[TASK DETAILS] Could you print the stretch of lines below from the one with "North Carolina State" through the one with "Incidente mortale ad Andora", exactly as they stand and without any pictures?
____ SUPPLIED RECORDS
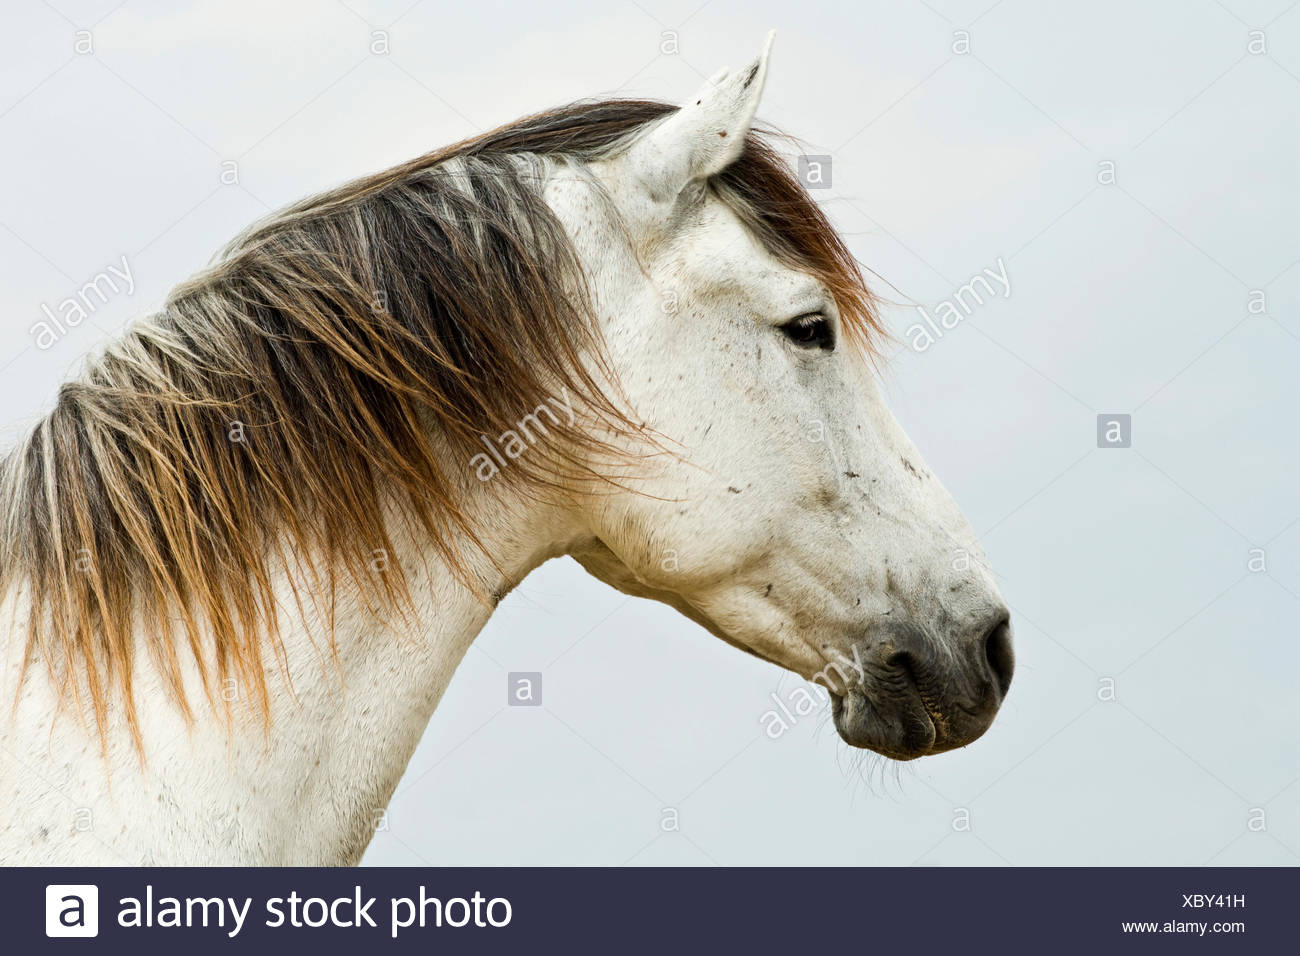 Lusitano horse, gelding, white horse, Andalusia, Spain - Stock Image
________
____ SUPPLIED RECORDS
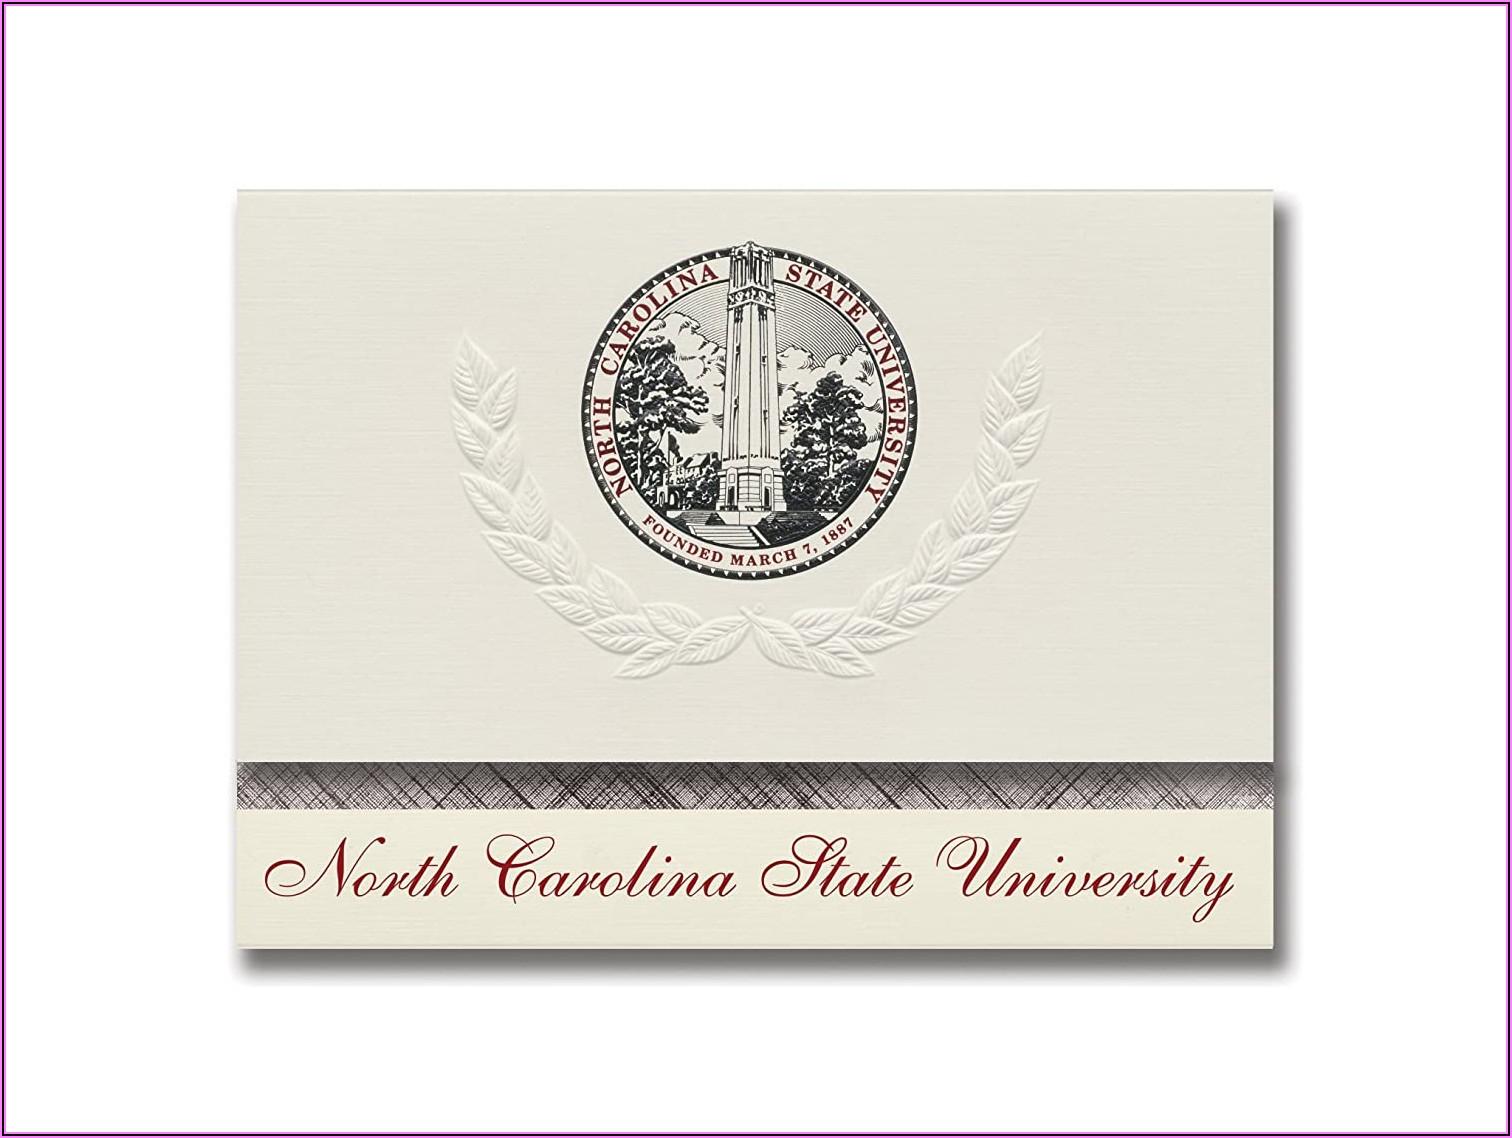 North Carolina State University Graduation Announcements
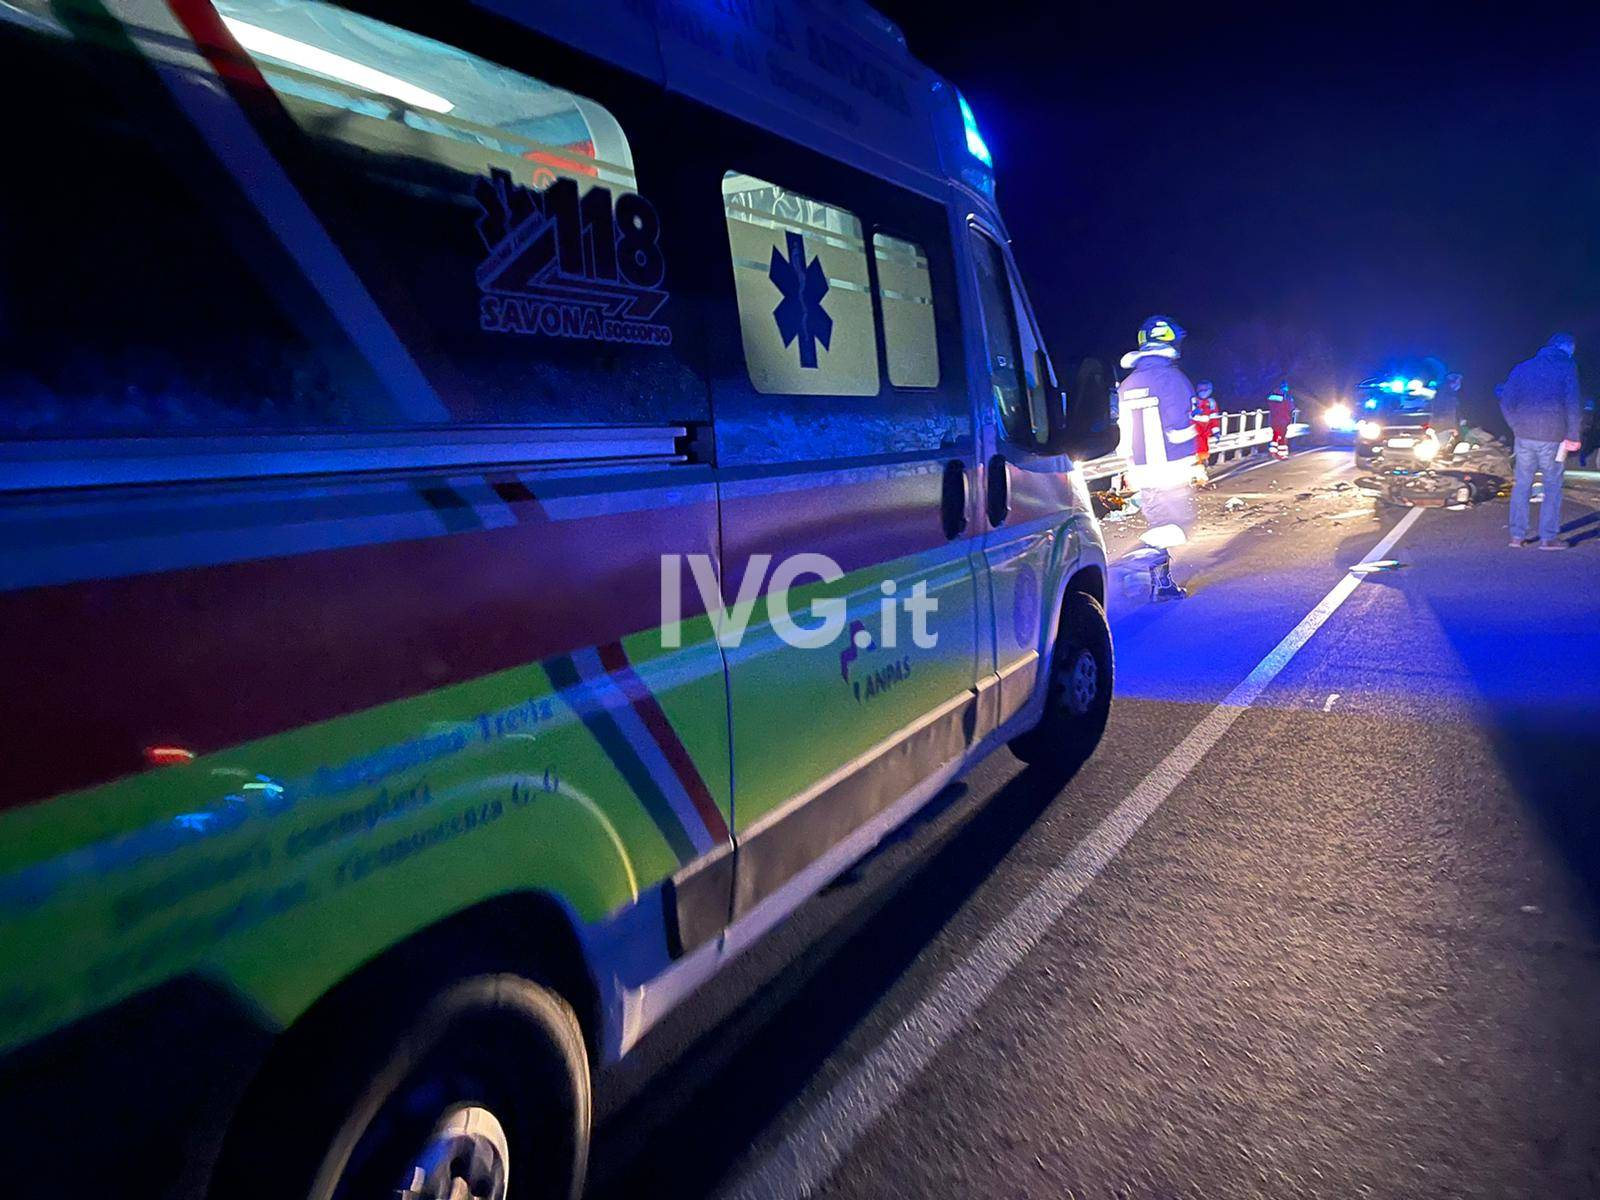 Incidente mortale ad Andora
________
[TASK SOLUTION]
 North Carolina State University Graduation Announcements
 Incidente mortale ad Andora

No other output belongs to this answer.